The second project is the proposed residential
development at Sentosa Cove, which was
won through a successful tender based on
outstanding design. With its strategic location
at the gateway to the marina basin and
standing at the maximum permissible height
of 15 storeys, this will be the tallest residential
development in Sentosa. With unobstructed
view of the sea, the launch of this 264-unit
waterfront development is eagerly anticipated
and there is a growing waiting list of potential
buyers.
Slated for launch are another two freehold
projects. Firstly, the 175-unit King’s Centre
Plot 3 located next to Grand Copthorne
Waterfront and facing the charming Singapore
River. The second property is the 208-unit
Residences @ Evelyn, a 50% joint venture
project.
The Group is also planning for the
redevelopment of No. 1 Shenton Way
(formerly known as Robina House) which
will become the Group’s latest proposed
jewel in the city. This proposed 50-storey
development will comprise about 360
residential apartments and will have a retail
component on the ground floor. The stunning
twin-tower, high-end luxury development next
to Marina Bay, will be a distinctive addition to
the city’s skyline.
The Group has recently acquired a 30,368
sq. feet site at Shelford Road, through
an enbloc sale tender exercise, for $19
million. It will be amalgamated with a larger
neighbouring plot already owned by the
Group for redevelopment.
Development of the exciting City Square Mall
with over 700,000 sq. feet is progressing
well and construction is expected to begin
this year. This proposed development has
attracted much interest from retailers and
is set to be the flagship retail mall for the
Group.
On the overseas front, the Group is preparing
to launch two residential developments later
in the year. They include a freehold 600-unit
luxury residential condominium in Thailand,
located in a prime residential land parcel in
Sukhumvit, Central Bangkok, and a 132-unit
freehold residential project in Kuala Lumpur,
adjoining to our Regent Hotel.
While some real estate companies may be
expanding overseas and relying more on
overseas revenue, the Group’s strategy is to
remain the proxy to the real estate market in
Singapore. Singapore’s property market has
been down for almost 7 years and recovery
has been slow compared to other countries
in the region. However, we are now beginning
to see the recovery of the domestic market.

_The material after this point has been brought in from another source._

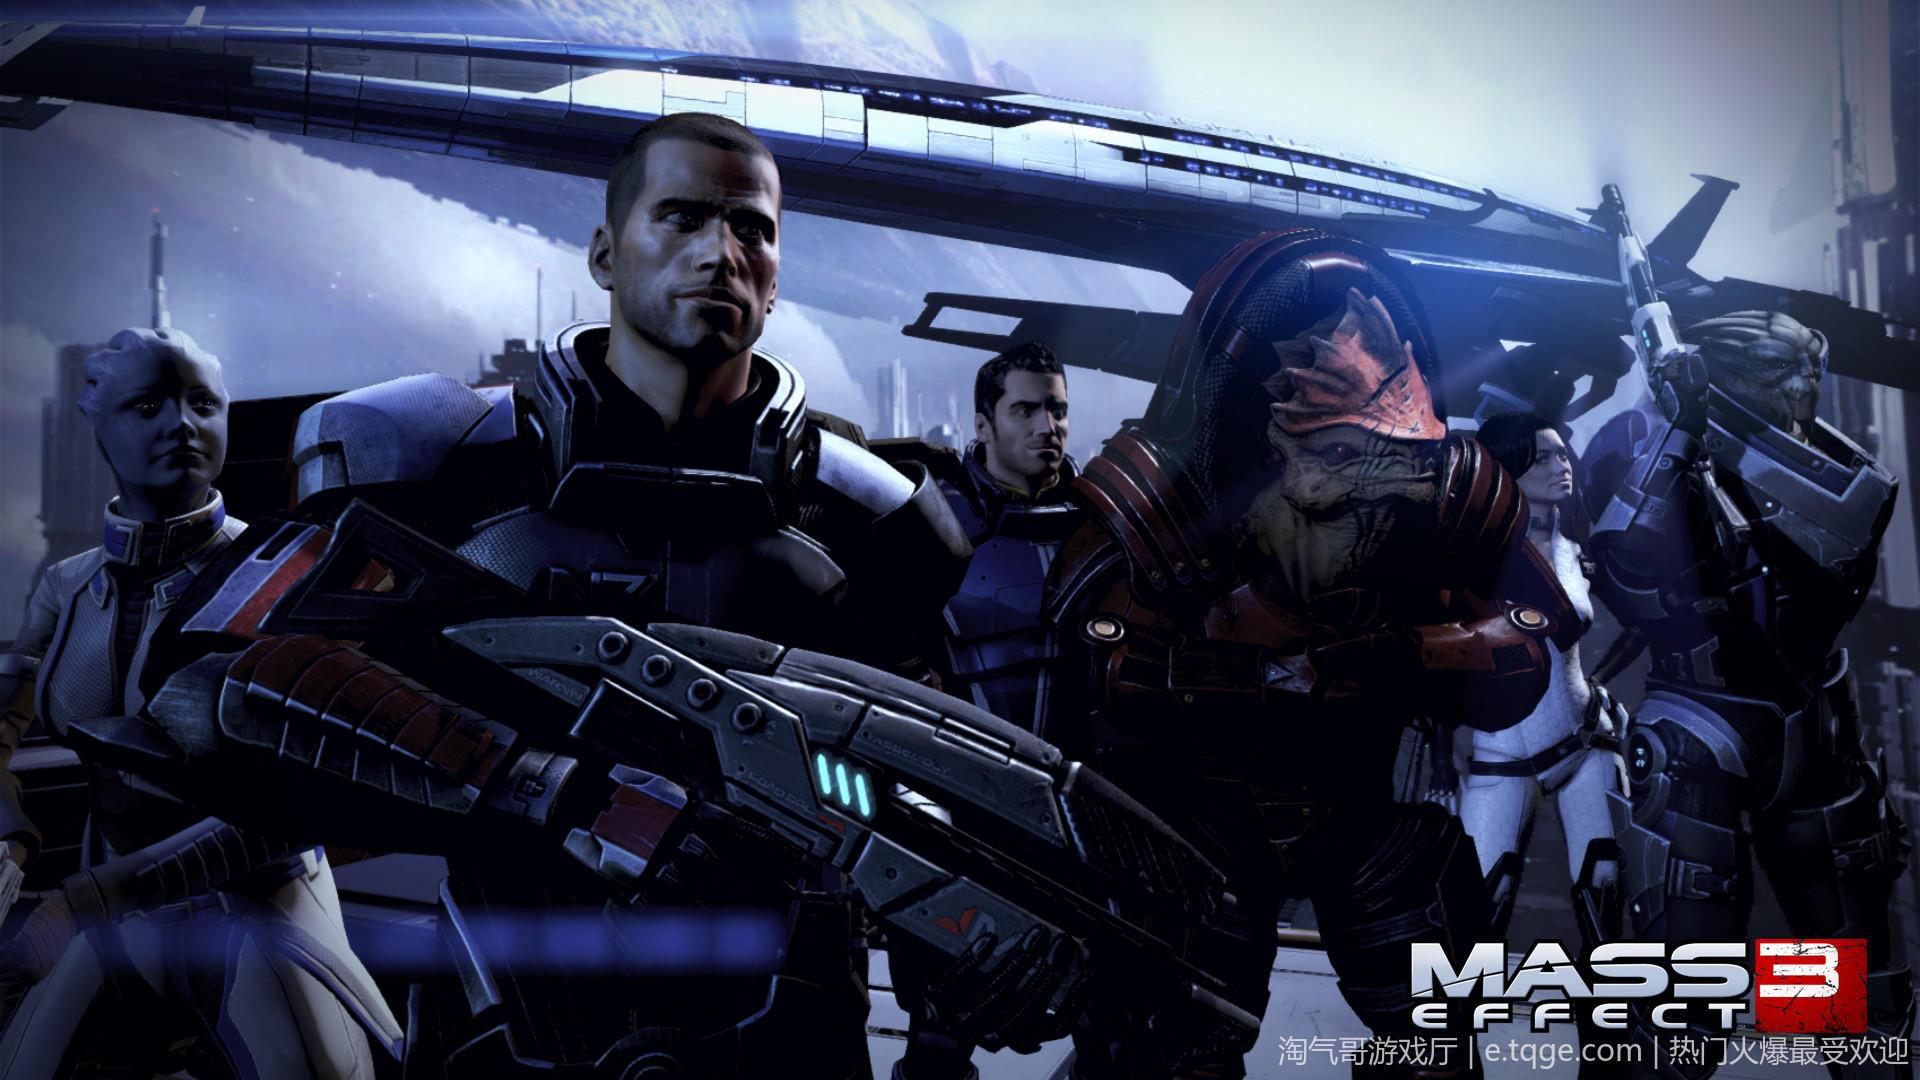 质量效应3/Mass Effect 3 动作冒险 第2张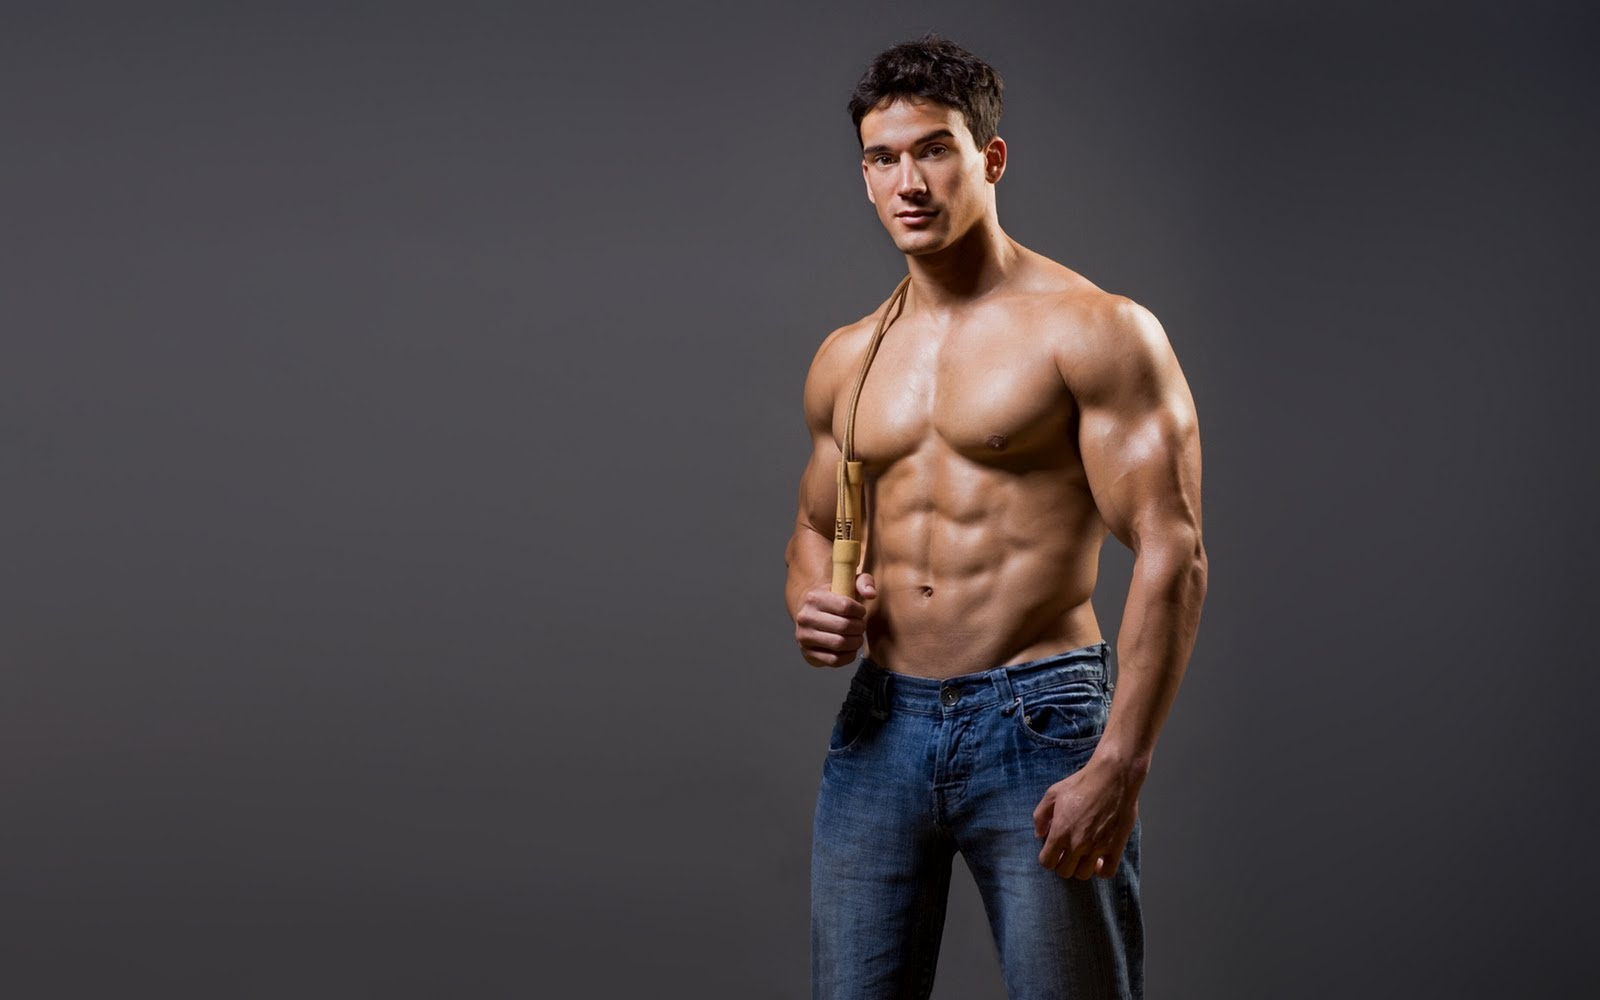 Исследование показало, что женщины на самом деле ищут в партнере, и это не деньги или мускулистое тело

With over 40 years of experience in property
development and investment, the Group has
harnessed a reputation of understanding
the local market very well. The Group will
exploit its years of experience and capitalise
on all opportunities in the market it knows
best. With its significant land bank and other
classes of real estate assets, the Group can
now maximise its real estate potential and
utilise these by extracting value from this
upswing trend.
In addition to its overseas portfolio through
M&C, the Group will continue to embrace
overseas ventures and investments that complement its overall business strategy.
It will strategically nurture new markets
overseas and select the optimal time to enter,
with the intent to maximise shareholder
value.
Collective sales for land parcels have
been aggressively pursued and some are
substantially above the reserve list price,
setting new benchmark prices. Consensus
is that there is a continuous uptrend. The
Group will continue to source for suitable land
replenishment only at appropriate prices.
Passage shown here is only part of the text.